## Exercise aim
Within the lines below, the span from the line with "Converse Men's Grey" to the line with "Berber woman. Culture", both ends included, is to be reproduced exactly, with pictures omitted.

## Provided data
============

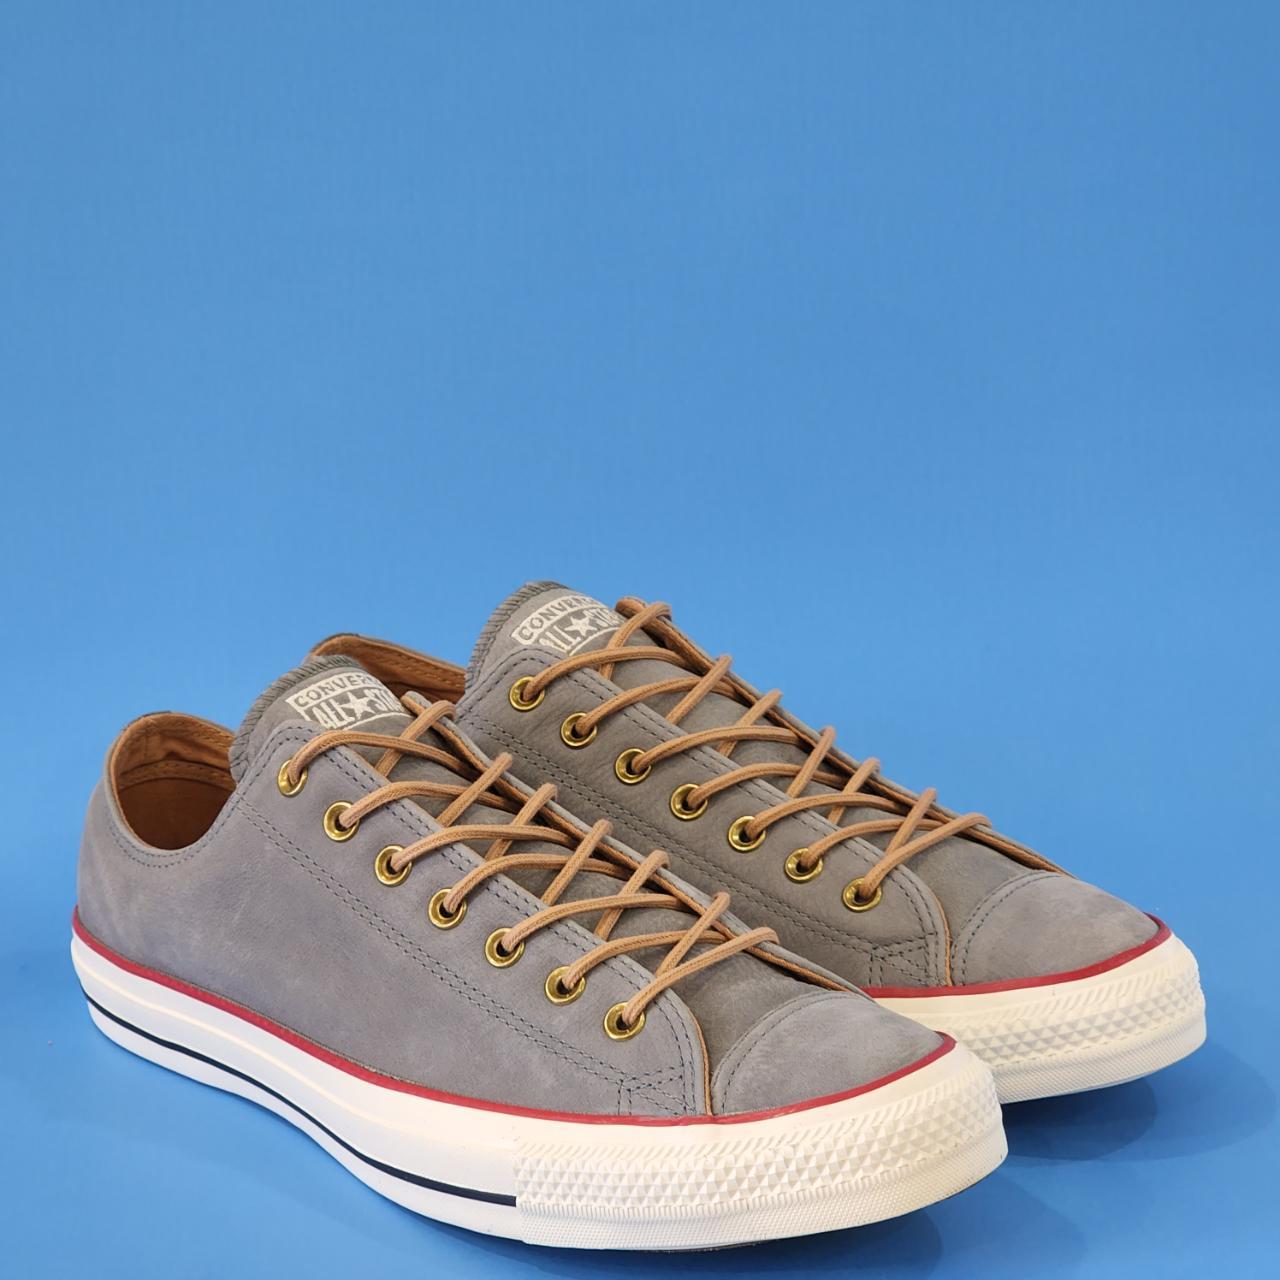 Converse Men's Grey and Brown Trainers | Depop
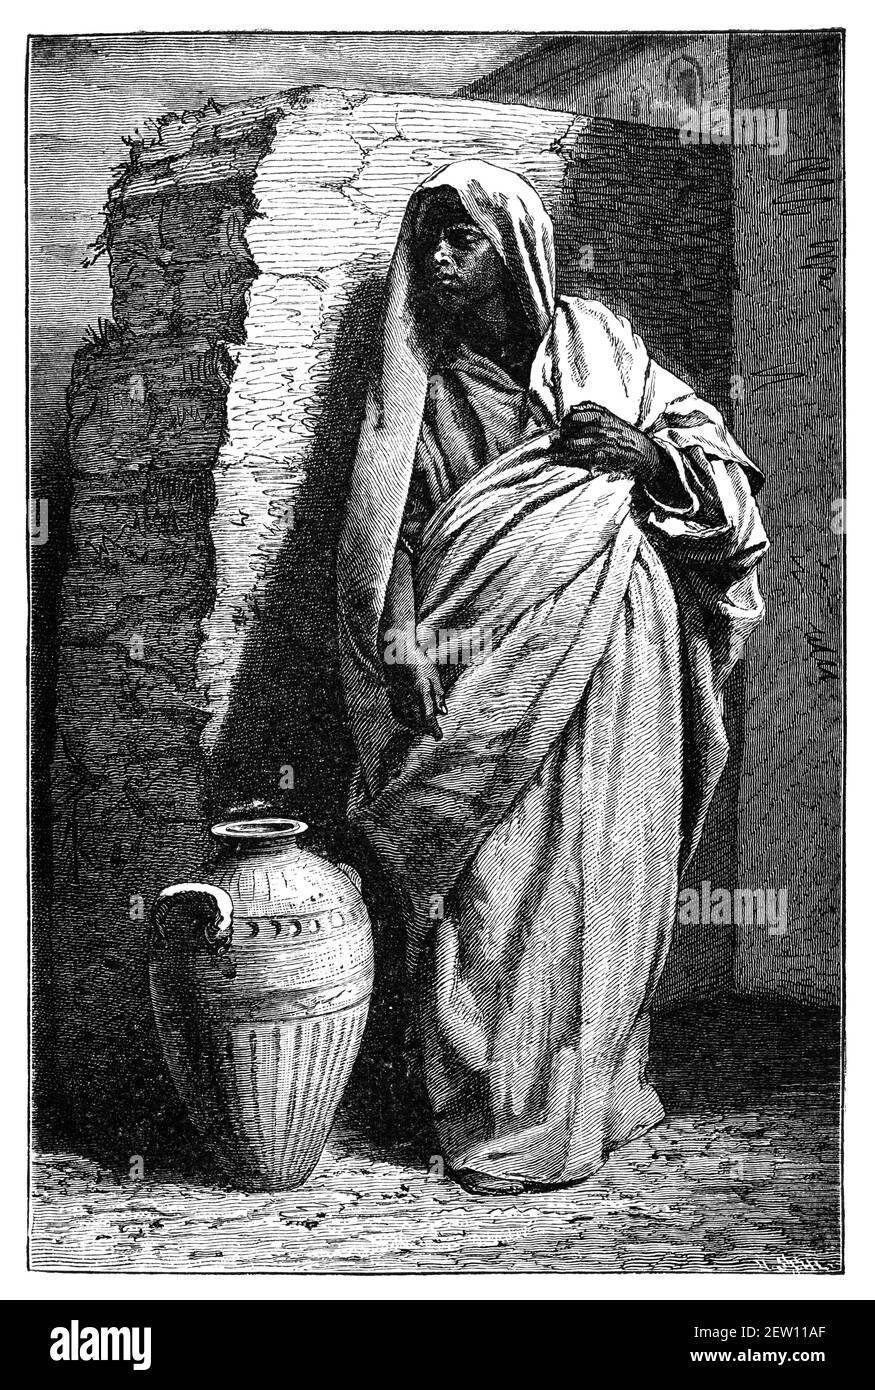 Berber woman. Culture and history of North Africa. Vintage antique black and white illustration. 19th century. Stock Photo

============

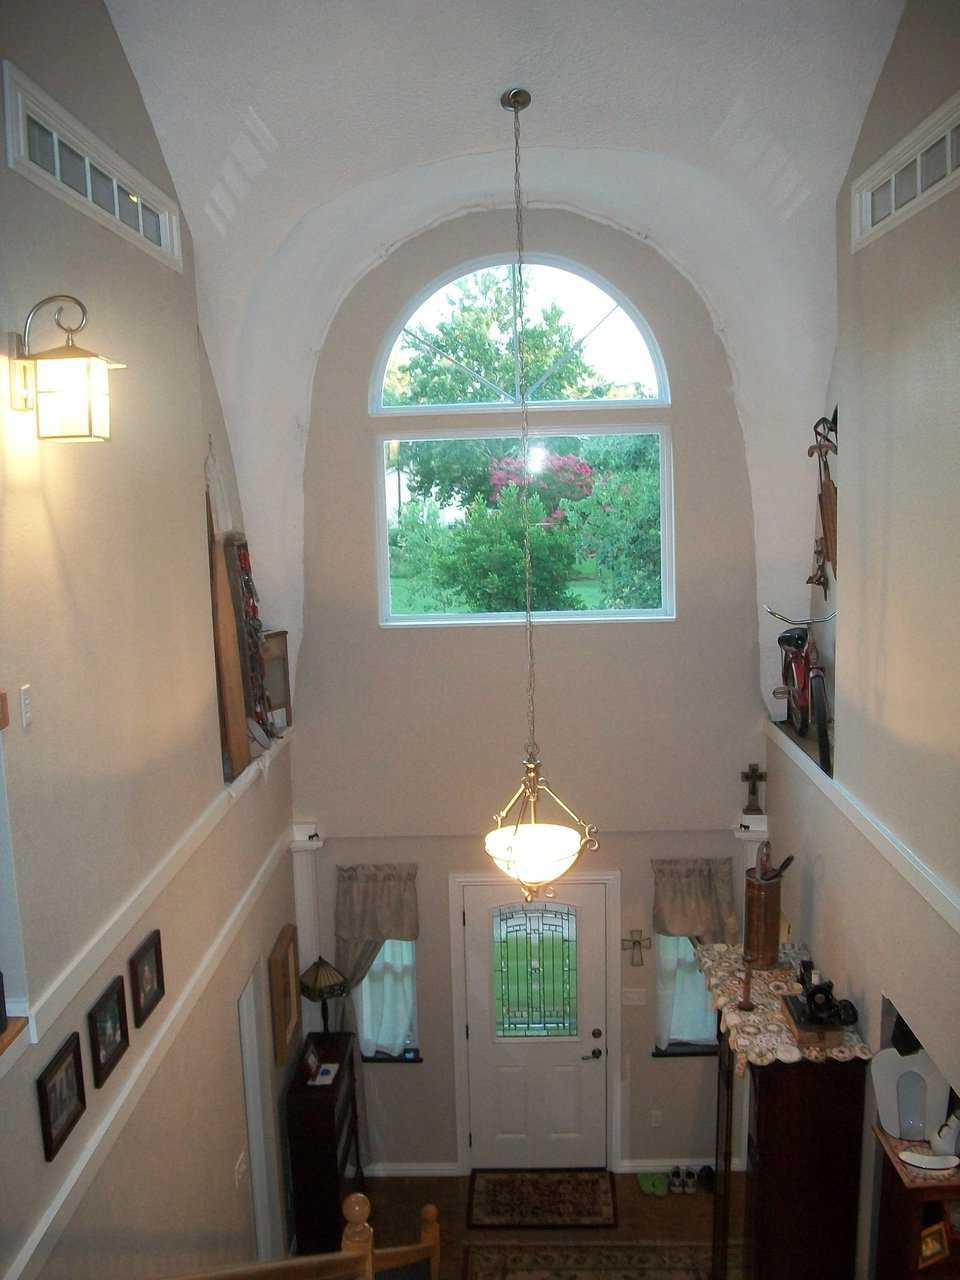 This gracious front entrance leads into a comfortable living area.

============

## Answer to the problem
 Converse Men's Grey and Brown Trainers | Depop
 Berber woman. Culture and history of North Africa. Vintage antique black and white illustration. 19th century. Stock Photo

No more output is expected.